Resume: Chu attended USC School of Cinematic Arts, earning a collection of awards and making a short film that got him noticed by Steven Spielberg, then thrust into the industry. After directing a number of studio films, including Step Up 2 and G.I. Joe: Retaliation, he eventually found his creative opus in Crazy Rich Asians, an adaptation of Kevin Kwan’s 2013 novel and the first in a trilogy. The film was the highest-grossing romantic comedy of the last decade and featured the first all-Asian cast since 1993’s Joy Luck Club (hi, Amy Tan!). It was also the first time Chu tapped into his cultural identity professionally.

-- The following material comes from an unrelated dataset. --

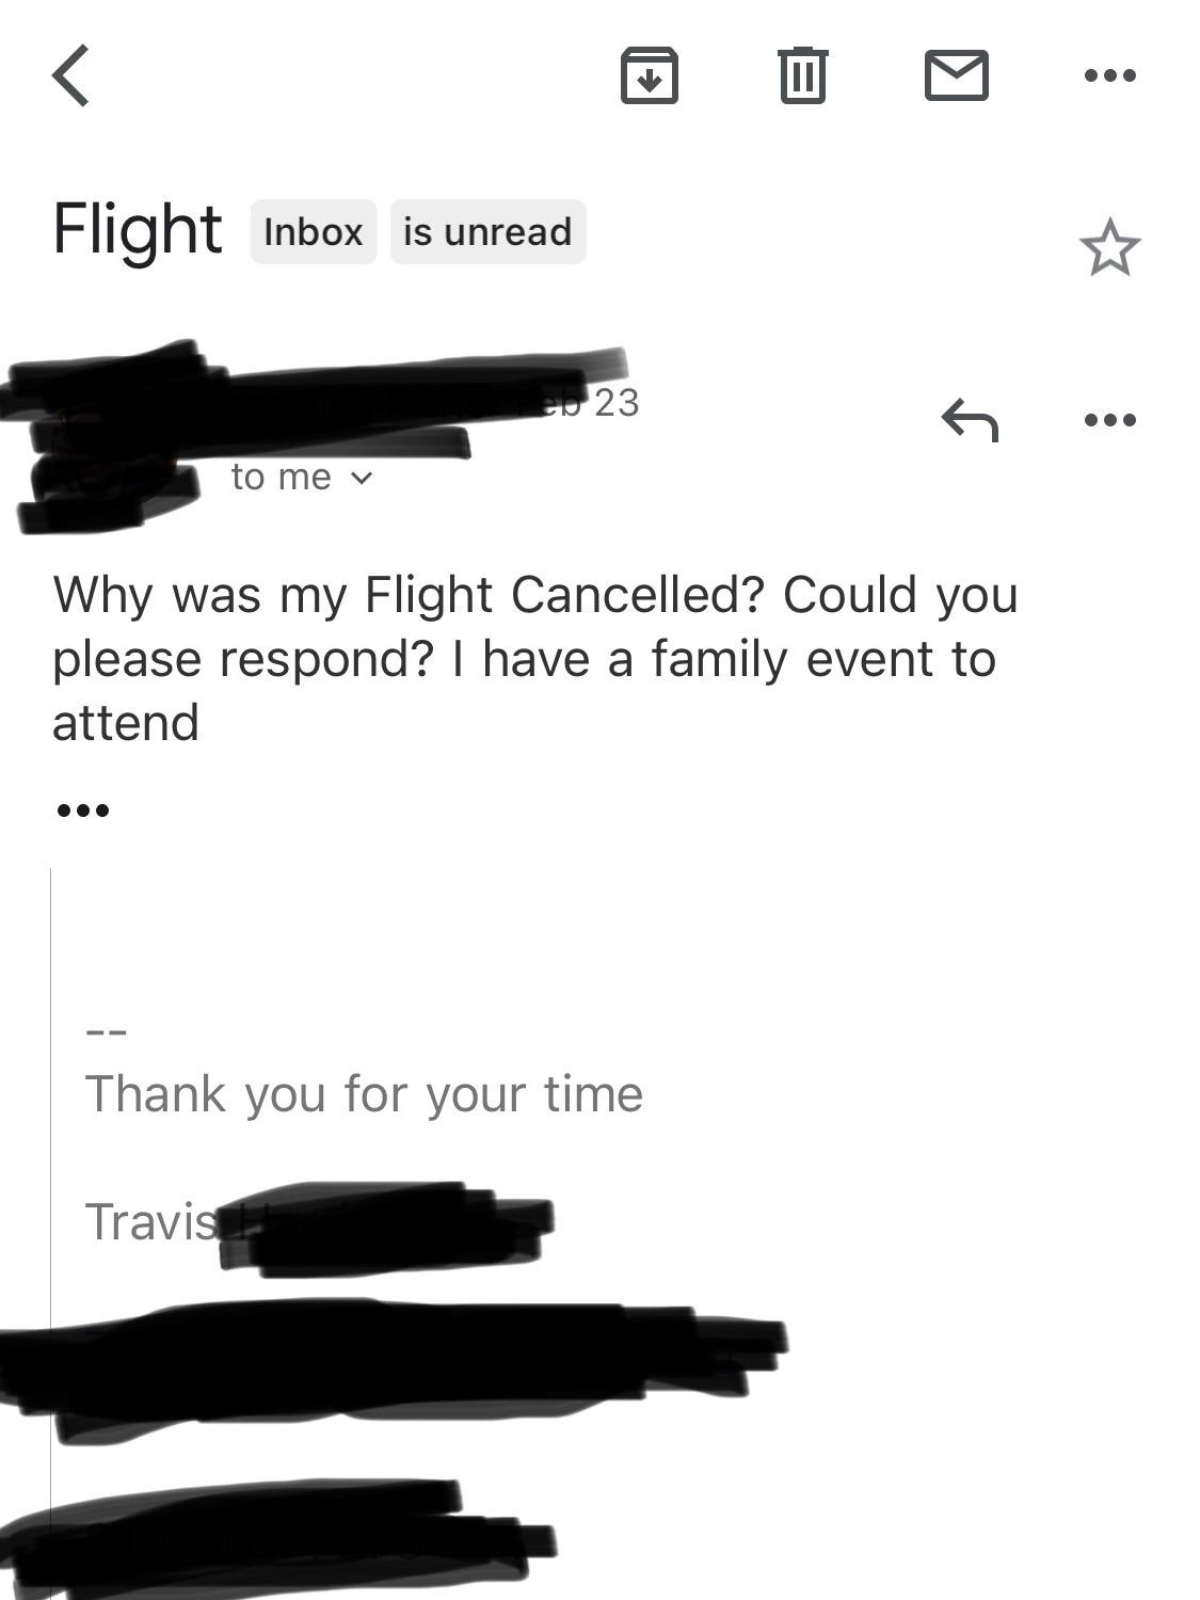 An alleged fraudster had his flight cancelled.

Dedication to the craft: With his wife, Kristin Chu, Chu has two young children named Willow Amelia Chu and Jonathan Heights Chu. Wait, Willow and Heights? As in, Willow and In the Heights? Let’s speculate: Willow was born in 2017, long before Disney Plus hired her dad to direct the pilot for Willow, but Chu has said to Variety that as an ’80s kid the film had a “profound effect” on him. There’s a clearer line to bed rawn for his young son, who on Instagram captions simply goes by Heights. Heights was born in 2019, during the filming of the movie in New York City’s Washington Heights, an experience Chu describes as “magic.”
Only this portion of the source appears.